Just to clarify, I'm terrified of heights, not falling or landing or getting injured. It's the heights. My body immediately freezes and doesn't work like it should. I imagine if I fell I would instantly be calmed!

Here's where I'm coming from. Most people who have a fear of heights, don't mind being in a commercial airplane, or in a 10 story building. Most people with a fear of heights walk around the observation deck of skyrises without a problem as long as they stay away from the edge. They aren't afraid because they feel safe.

It's when those people are placed in situations where their security feels threatened, like being close to the edge of a tall building, or flying in a small prop plane, that they have a natural response of fear. The fear isn't trigged by how high you are, but how safe you feel. So the actual fear may not be the fall, the landing, or injury or death, I think it's really a fear of loosing control of your safety.

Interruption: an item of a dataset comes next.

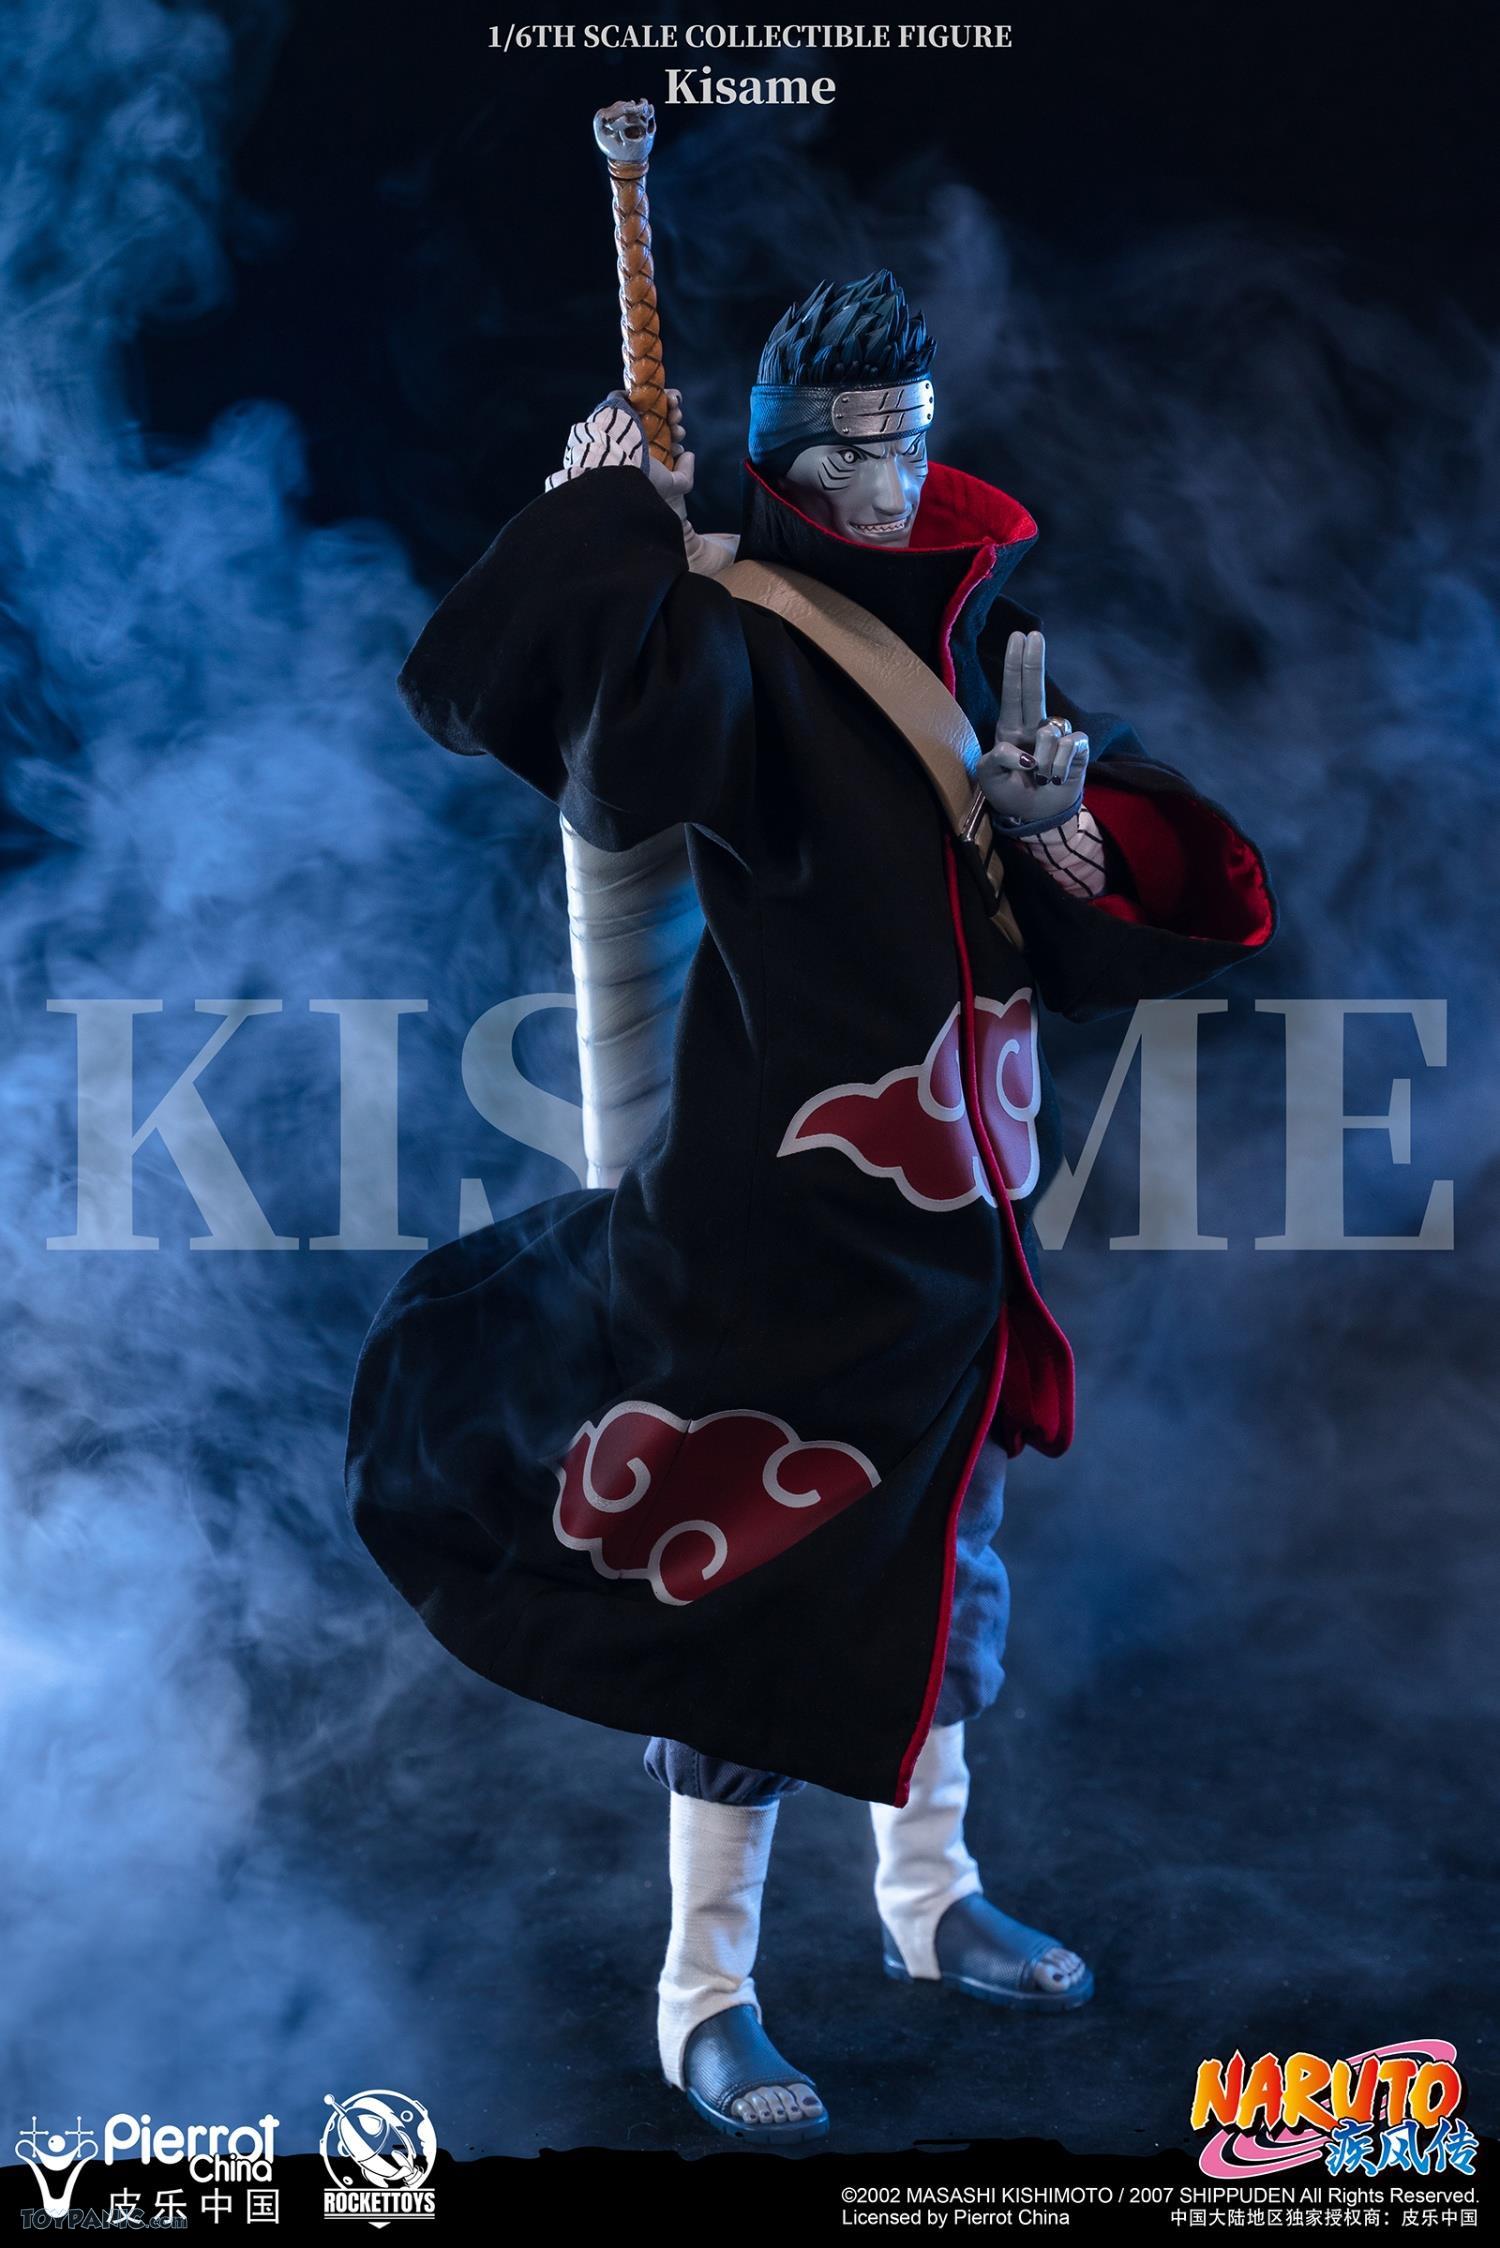 RocketToys - NEW PRODUCT: Rocket Toys ROC-007 1/6 Scale Kisame 221202460437PM_9339184

In your case you may associate this feeling of fear with heights, because that's were it occurs for you, but that doesn't make it's relationship causal. It's merely the situation in which that fear is most often triggered. You state that the more time you spend in those situations the better you feel. I assert that the reason you feel better is because you gain trust in yourself, others (like those who belay you), and the equipment creating a situation where you don't feel your safety is at risk.

Now overcoming this feeling while climbing may not translate well to looking over the edge of a 30 story building with no handrail or flying in a helicopter because you have not had time to develop a sense of trust in those situations and now feel your safety may be at risk. I think this demonstrates that a fear of heights, is probably more closely associated with personal safety than heights itself.

A fear of heights, flying, the dark, falling, spiders... its all a fear for your safety. Just a different trigger.
Last edited by denalibound on Wed Mar 21, 2007 10:01 pm, edited 2 times in total.